LDF and co-counsel filed suit on behalf of approximately 6,000 African- Americans who were not hired by the City between 1996 and 2002 because they scored below the 89 cut-off score. The City conceded that the 89 cut-off score disproportionately excluded African-American applicants, but defended its hiring practice as job-related. In 2004, the district court held that Chicago violated Title VII of the Civil Rights Act of 1964—our nation’s core safeguard against discrimination in the workplace.
The City did not appeal this ruling. Instead, it tried to escape liability for its illegal hiring practice by arguing that the plaintiffs did not file their claims within 300 days after the City first announced its hiring plan, in effect invalidating their claims. The U.S. Court of Appeals for the Seventh Circuit sided with the City. The case then went to the Supreme Court where John Payton, LDF’s Director-Counsel argued the case before the Court in February 2010 on behalf of the firefighter applicants. In the Supreme Court, the only question was whether or not the plaintiffs filed their claims of discrimination within the timeframe required by Title VII.
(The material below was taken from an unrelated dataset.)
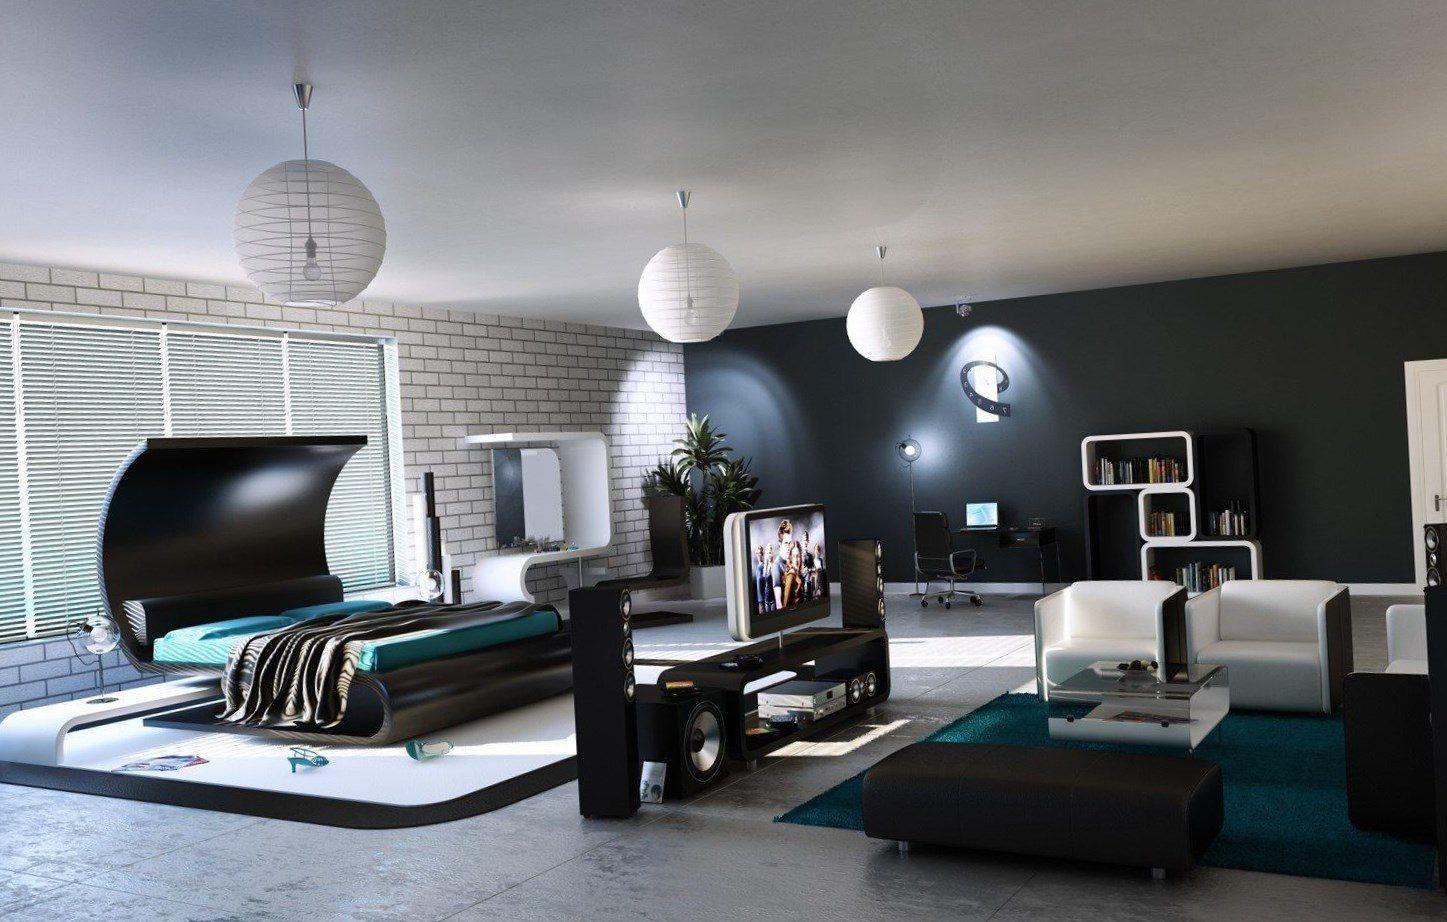 Big modern bedrooms   https   bedroom design 2017 info. Big modern bedrooms   https   bedroom design 2017 info decorations

LDF litigated the case with co-counsel that included the Chicago Lawyer’s Committee for Civil Rights, three Chicago law firms (Miner, Barnhill & Galland, P.C., Robinson, Curley & Clayton, P.C., and Hughes, Socol, Piers, Resnick & Dym, Ltd.), and two solo practioners who are also former LDF staff attorneys Bridget Arimond and Patrick Patterson (now a senior counsel to the chair of the Equal Employment Opportunity Commission).